In HOD-stye models of the galaxy–halo connection, there is parametric freedom for the positions and velocities of satellite galaxies within their halos. One common parametric choice is to assume an NFW profile, as in Zehavi et al 2005, and related works. Alternatively, satellites may be assigned to randomly chosen dark matter particles in the halo, as in Reid and White 2014. Instead of dark matter particles, the SubhaloPhaseSpace class allows for satellites to be placed onto subhalos in the host halo. See Tutorial on Modeling HOD Satellites Using Subhalo Positions for further information.

Conditional Luminosity Function models

The Conditional Luminosity Function (CLF) is a closely related class of empirical models to HODs. Whereas the HOD only specifies the number of galaxies in a halo brighter than some threshold, the CLF specifies the luminosity function of galaxies in a halo brighter than some threshold (e.g., van den Bosch et al 2012, and related works). The Cacciato et al. (2009) Composite Model is a composite CLF model that implements the version of the CLF introduced in Cacciato et al 2009.

Zu & Mandelbaum (2015/2016)

There are two new HOD models based on Zu and Mandelbaum 2015 and the follow-up paper Zu and Mandelbaum 2016. The first model describes an HOD fit to z=0 SDSS clustering and lensing of stellar mass threshold galaxy samples, the second model additionally predicts whether each model galaxy is quiescent or star-forming.
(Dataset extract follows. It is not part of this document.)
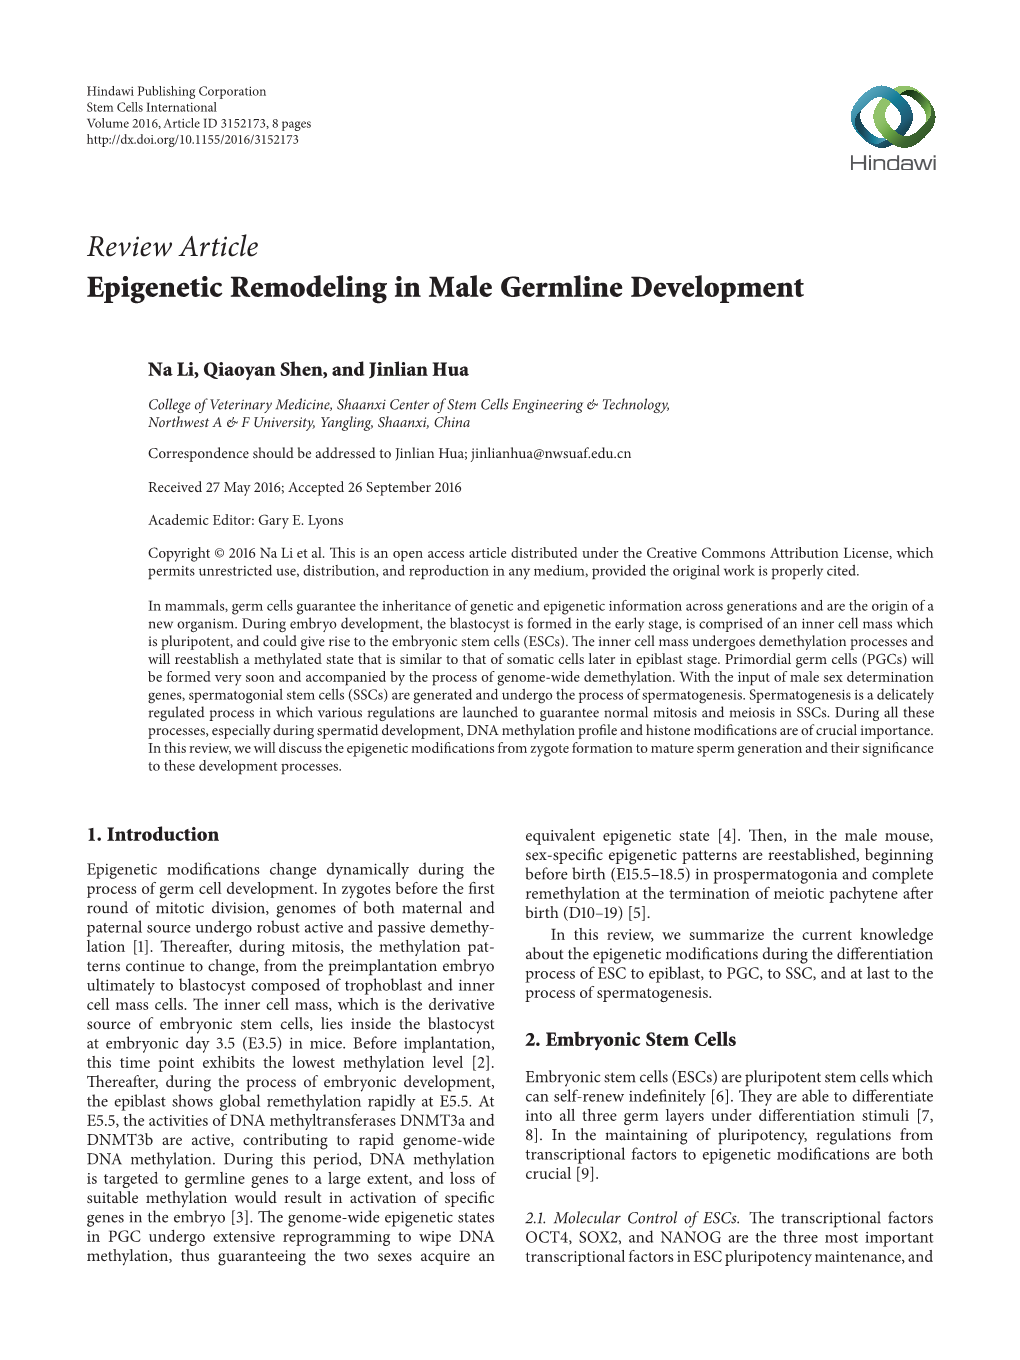 Epigenetic Remodeling in Male Germline Development

See Zu & Mandelbaum et al. (2015) Composite Model and Zu & Mandelbaum et al. (2016) Composite Model tutorials on these models.
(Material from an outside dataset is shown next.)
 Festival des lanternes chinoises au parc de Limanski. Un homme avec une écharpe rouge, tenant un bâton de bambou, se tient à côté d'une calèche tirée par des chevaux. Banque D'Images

Satellite profiles with biased values

The BiasedNFWPhaseSpace class provides modeling for the distribution of satellite galaxies orbiting in Jeans equilibrium within their host halos, where the NFW concentration governing the satellites is allowed to differ from host halo concentration. Galaxy concentration bias is permitted to vary as a function of mass with BiasedNFWPhaseSpace, while the SFRBiasedNFWPhaseSpace class permits dependence of galaxy concentration on both host mass and whether or not the model galaxy is quiescent. In both of these new classes, as well as the (unbiased) NFWPhaseSpace, satellite velocities are determined by solving the Jeans equation for the radial velocity dispersion profile, assuming isotropy for the velocity distribution.

New Mock Observations

Calculating galaxy-galaxy lensing in a hydro simulation

The delta_sigma function has had a complete overhaul, including a change to the function signature. The new implementation is faster and more accurate than the previous version, and now supports calculating the lensing signal for cases where the simulation particles have variable mass, such as hydro simulations or boxes with massive neutrinos.

Note

The function signature of delta_sigma no longer has a pi_max argument, as the calculation is now performed by computing the mass distribution projecting along the entire length of the z-axis of the simulation. Users of the delta_sigma function in previous Halotools releases will need to update their code. See the function docstring for further details.

Calculating galaxy-galaxy lensing from pre-computed pairs

There is also a new delta_sigma_from_precomputed_pairs that allows users to pre-compute the mass surrounding each model galaxy and then compute \(\Delta\Sigma\) directly from an input mask; for cases where the candidate positions of galaxies are known in advance, the delta_sigma_from_precomputed_pairs will generally improve runtimes for calculating \(\Delta\Sigma\) by orders of magnitude.

Calculating the HOD directly from a mock

The hod_from_mock function provides a convenient interface for calculating the mean number of galaxies per halo as a function of, for example, halo mass. The API permits arbitrary subsampling; supports any input independent variable, and is performant enough to apply to MCMC applications of, e.g., group statistics. Thus the hod_from_mock function could be used for example, to calculate \(\langle N_{\rm cen}|M_{\rm vir}\rangle\), \(\langle N_{\rm red}|V_{\rm max}\rangle\), or \(\langle N_{\rm blue-sat}|M_{\rm group}\rangle\).

Further Details

All Halotools official releases include minor bug-fixes and performance enhancements. All such changes appear in the Full Changelog, and can also be reviewed in detail by filtering the GitHub Issues page for issues that have been tagged with the Milestone matching the release you are interested in.